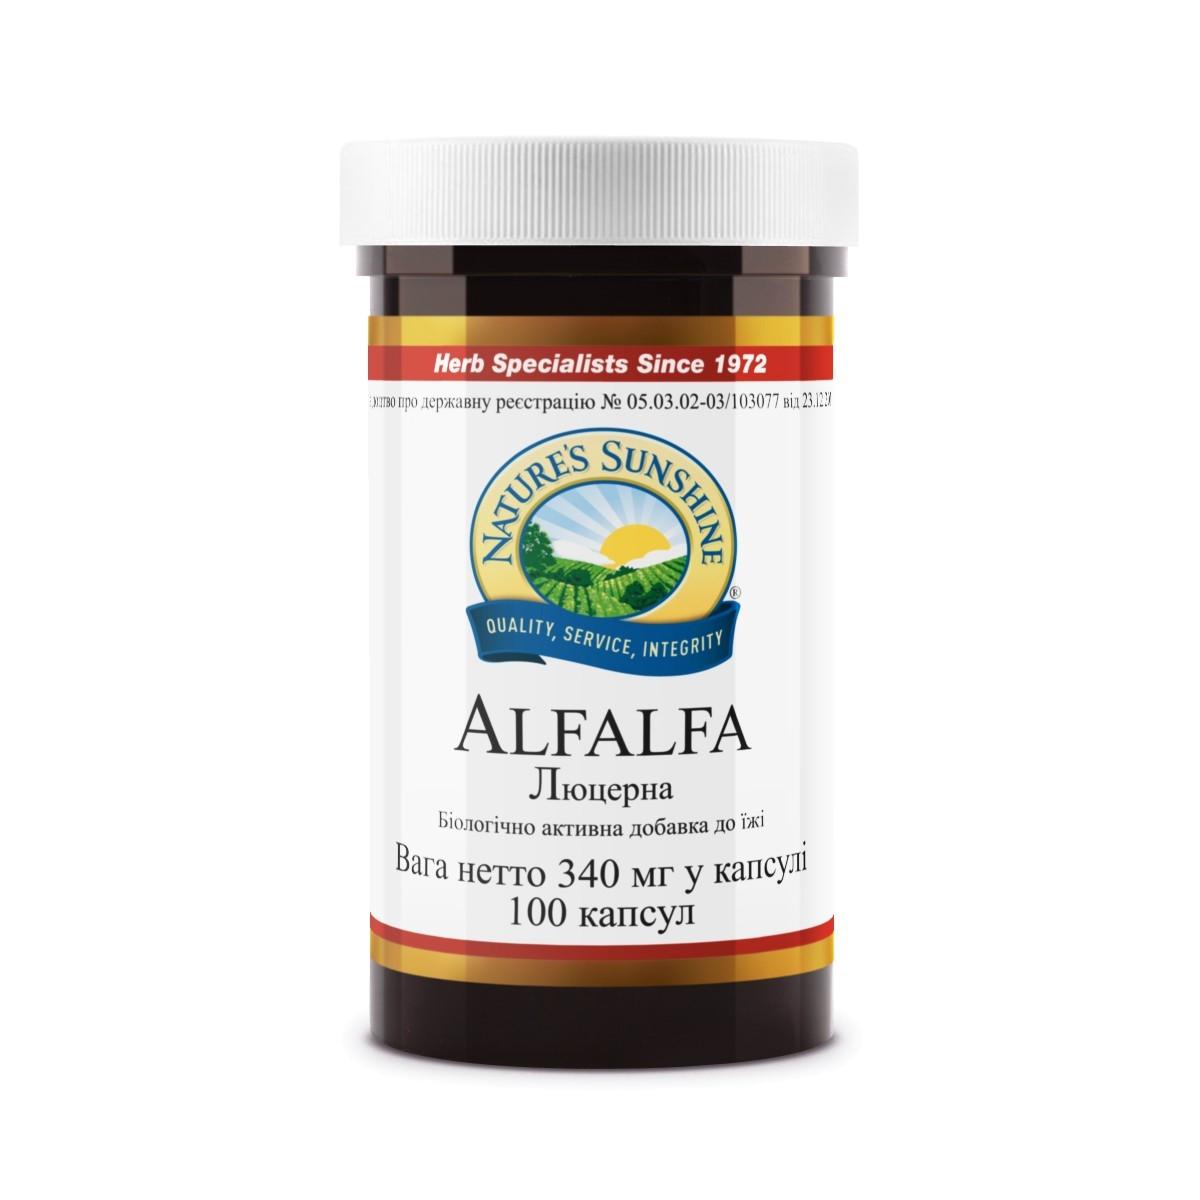 БАД при сахарном диабете - Люцерна  Alfalfa бад НСП люцерна полевая для лактации,
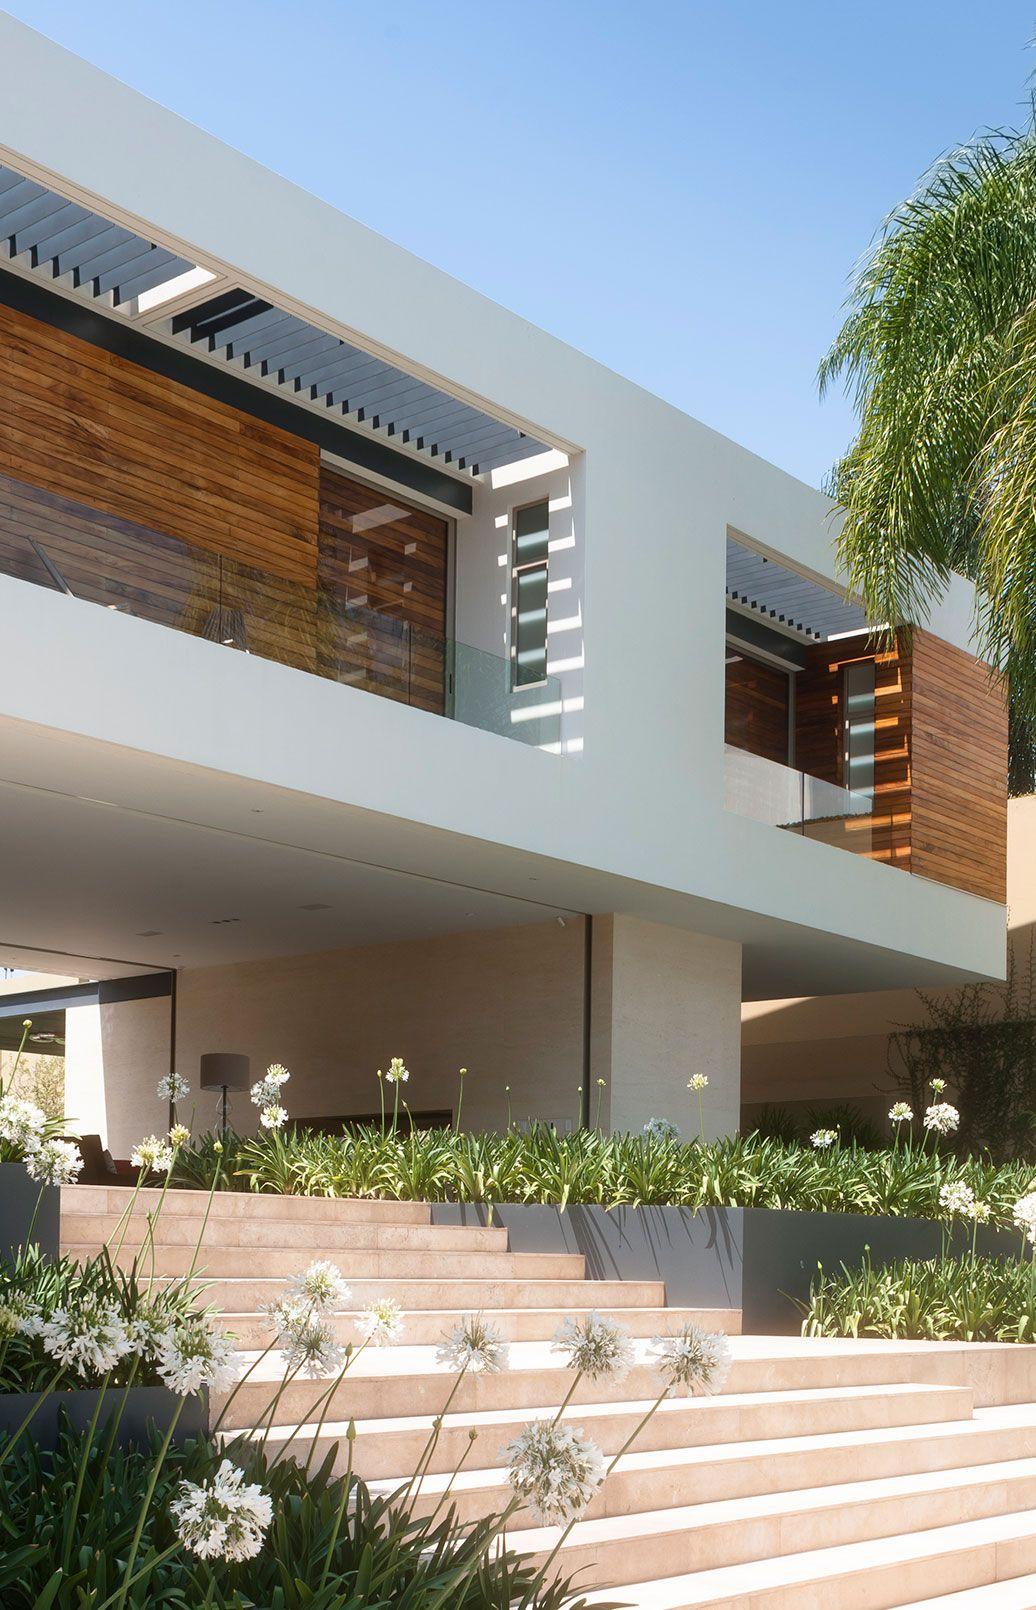 christian y claudio gantous arquitectos / casa sj, méxico
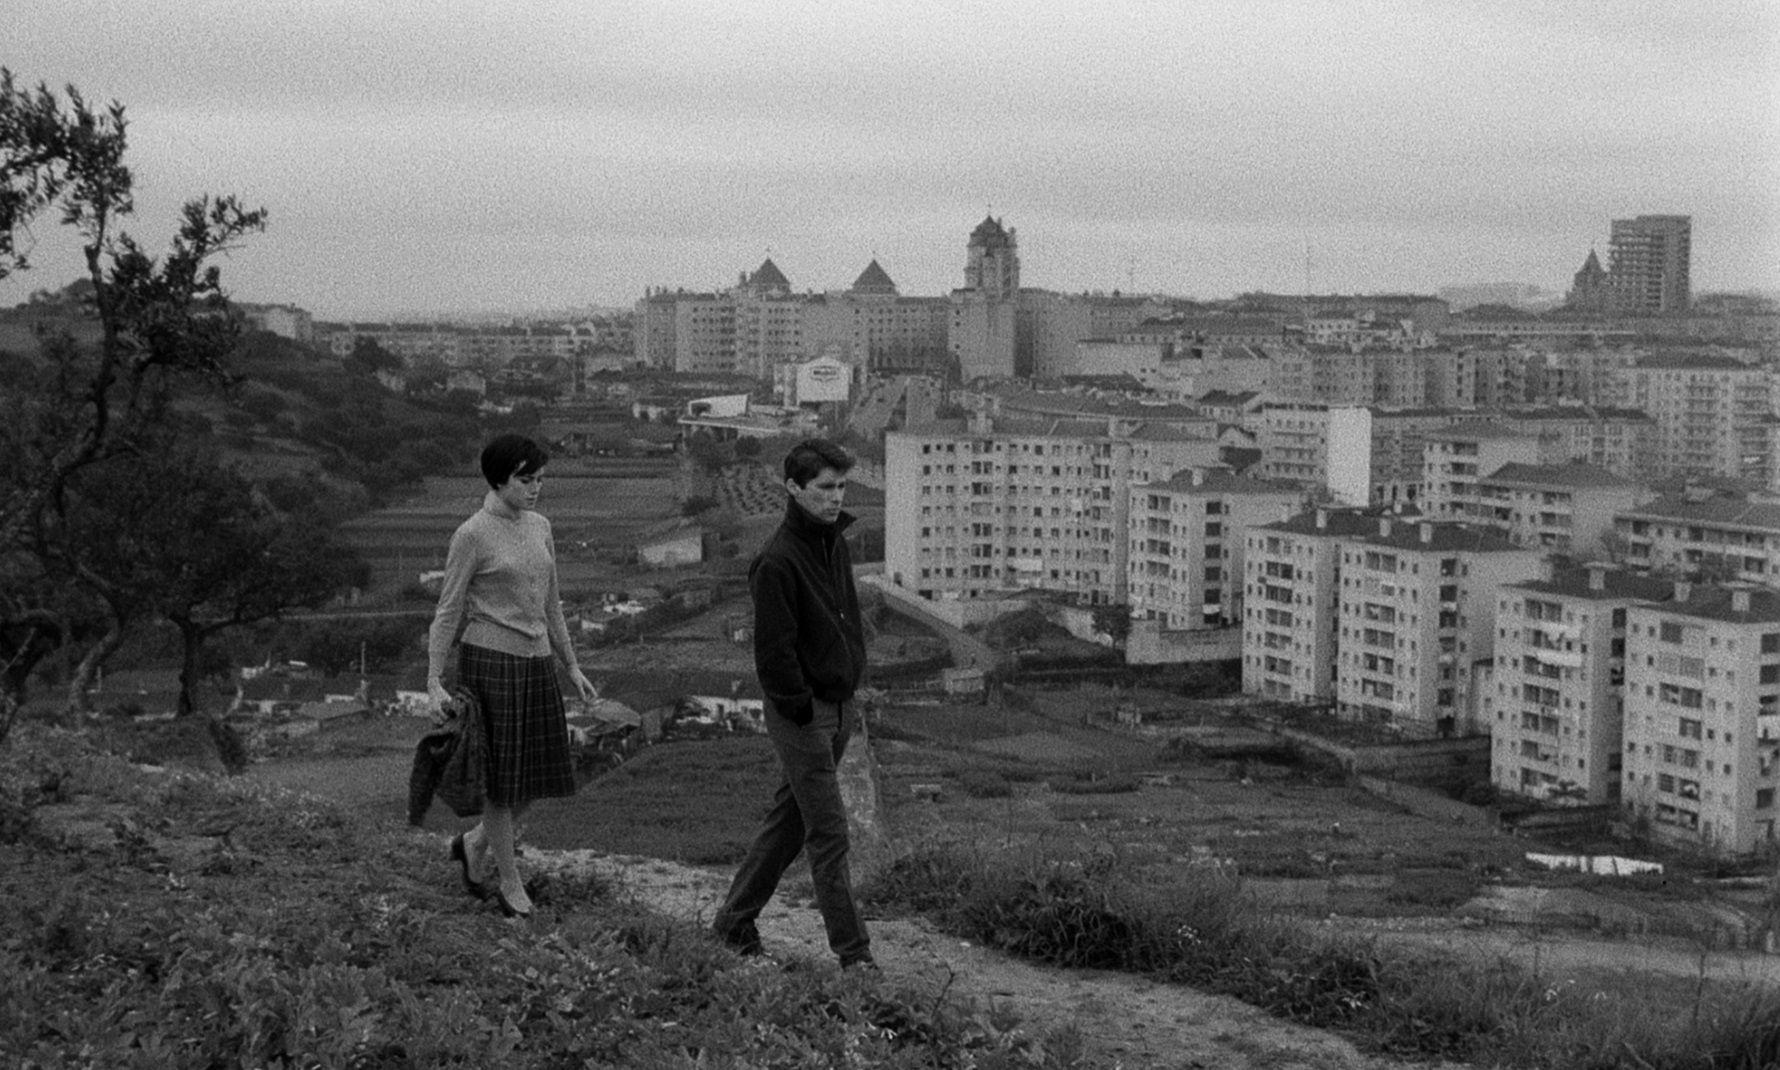 Cinema de Paulo Rocha em retrospectiva na Cinemateca Francesa
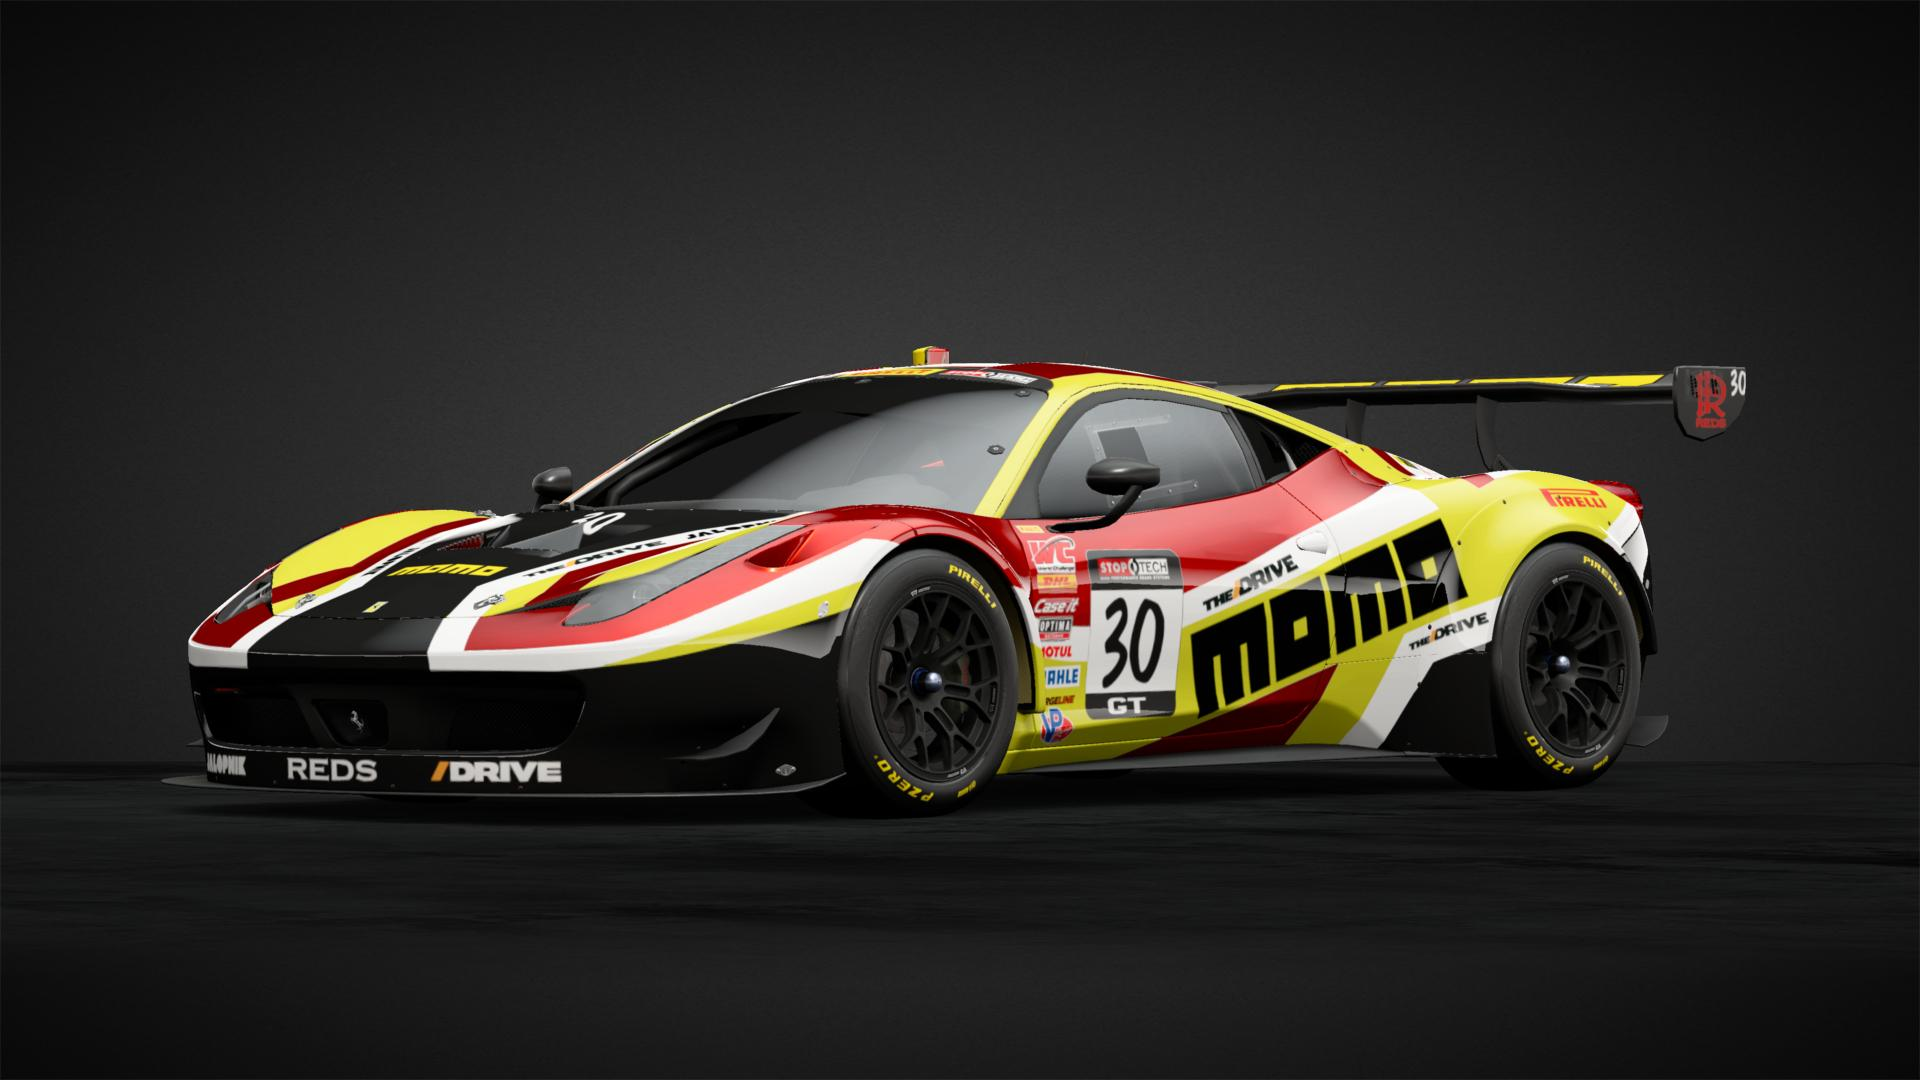 Ferrari 458 GT3 Momo (#font rdx) - Car Livery by

* Required action
Your task is to repeat exactly the lines from the one containing "Cinema de Paulo" through the end of the material, both included, and only those, without pictures.

* Your solution
 Cinema de Paulo Rocha em retrospectiva na Cinemateca Francesa
 Ferrari 458 GT3 Momo (#font rdx) - Car Livery by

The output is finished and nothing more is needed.